HOW I LEARNED TO STOP WORRYING AND LOVE THE DEBT
If any of you are a Baby Boomer like me, then you are more than likely familiar with the Cold War Classic, “Dr, Strangelove or How I Learned to Stop Worrying and Love The Bomb.” This film was Stanley Kubrick’s homage to Cold War trepidation on the part of all citizens of an uncertain world of the nuclear bomb.
The concept behind Strangelove is that USAF Gen. Jack T. Ripper goes a little off the sanity reservation and orders the B-52s in his command to attack the Ruskies!!! With Nukes!!! Oh Boy!!!!
Naturally, the joint chiefs are slightly miffed at Jack’s lack of respect for the chain-of- command and the POTUS is somewhat pissed also. The movie is one failed attempt after another to recall these bombers before the deadly deed is done. The POTUS takes to the “hot line” to assure the Soviet Premier that this not an ordered mass attack but the fact that the Soviets had already developed and deployed (just not yet informed the WORLD) a DOOMSDAY weapon which would automatically destroy the entire EARTH in the event of just such an attack as was now underway regardless of why!!!!!!! Needless to say failure to inform everyone that you have a doomsday weapon radically reduces its effectiveness in preventing a nuclear attack.

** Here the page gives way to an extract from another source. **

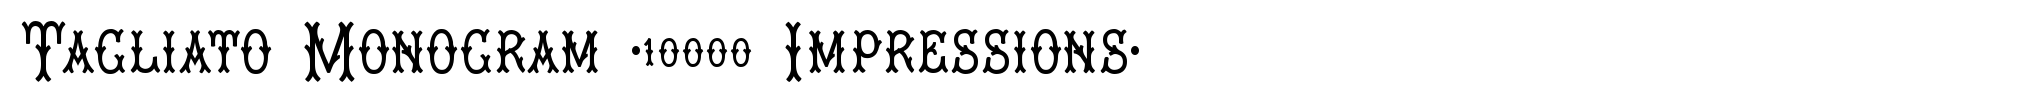 Tagliato Monogram (10000 Impressions) image

I think it’s time for some latter-day Kubrick to treat the National debt and the subject of default in a similar manner. I will give a brief outline of my vision of the remainder of the WORLD governments trying to collect a BAD DEBT from the only badass on the planet!!!! Does anyone else think that a threat to default made in secret by the US to our twenty biggest lenders might actually put us in the best bargaining position possible. I think we should try to get our interest rates cut drastically to avoid throwing the WORLD”S ECONOMIES into meltdown. Initially we must say this will at least insure your principal, LMFAO . Yeah, we lose but we got to spend it once anyway and everyone loses as bad or worse than we do!!!!!! Folks, what I am saying here is that the US needs to embrace its National Debt and see it like a doomsday weapon. Our threat of a possible default to all creditors is a GAME ENDER!!!!!! That’s right, not CHANGER BUT ENDER!!!! Can you imagine the chill running up every creditor spine as well as all developed and developing nations, when thought of Fiscal Apocalypse engendered by OUR Default is envisioned?
DEFAULT LANGUAGE CHANGES
Once the government of the United States recognizes the positive possibilities of threatening and maybe actually defaulting, the language around the topic takes on new meaning. Let us use our imaginations to consider the possibilities of the present meaning and future meaning of the following in that light.
Public Statement made by some future POTUS.
What POTUS is saying to creditors privately.
OK fellow leaders. Let’s put it right out there. I was talking to a loan shark the other day and he informs me that once you idiots let us get past $6 trillion you had committed a cardinal sin in shylockism. You let us get to the point where defaulting hurt you worse than us. We can avoid all those nasty interest payments not to mention that pesky $15+ trillion in principal!!! Bwaugh HA HA HA!!!!!!!!!!!! Louie the shark also said you never get in this situation with someone whose organization can kick your ass. C’mon guys, how you gonna collect??? You gonna threaten us with military action???? Bwaugh HA, HA, HA!!!!!!!!!!!! You expect us to take that contract for ya BOOPIE???? Bwaugh HA, HA, HA!!!!!!!!!!!!
Learn to love the debt. This is really fun to play. Every time you hear some official making grim statements about the debt publicly, try to construct what they are cackling in private. Bwaugh HA, HA, HA!!!!!!!!!!!!
Try another one. S & P releases another statement threatening to lower US credit rating, which it says will cause our interest rate to rise compounding our debt problems. OK, now some US official publicly states we must avoid this at all costs. However that same official shows up at S & P’s home office for a private conference. Here’s how it starts. Thank you for meeting with me today concerning your statement on US creditworthiness. OK Jacks, knock that crap off. Talk to one creditor about how scared all of them are that we may default and you will see we are still holding the whip. We can turn this place into a dairy if we want to so stop badmouthing Uncle Sam. Sammy’s pissed and doesn’t like it!!!! Bwaugh HA, HA, HA!!!!!!!!!!!! That’s how it ends!!!!!!! Bwaugh HA, HA, HA!!!!!!!!!!!!
I must fight the urge to go on and on with countless examples of DEFAULT NEW SPEAK, but I must stop. A great deal of the fun with this concept is in letting you develop your own scenarios and play them out.
I will give one more possibility but allow each of you to develop your own dialogue. Imagine the delight and glee in the voice of new Secretary of The Treasury, Donald Trump, as he addresses our foreign “partners” informing them of their predicament. Bwaugh HA, HA, HA!!!!!!!!!!!!
Fellow hubbers go with it and don’t forget to share them with us!!!!!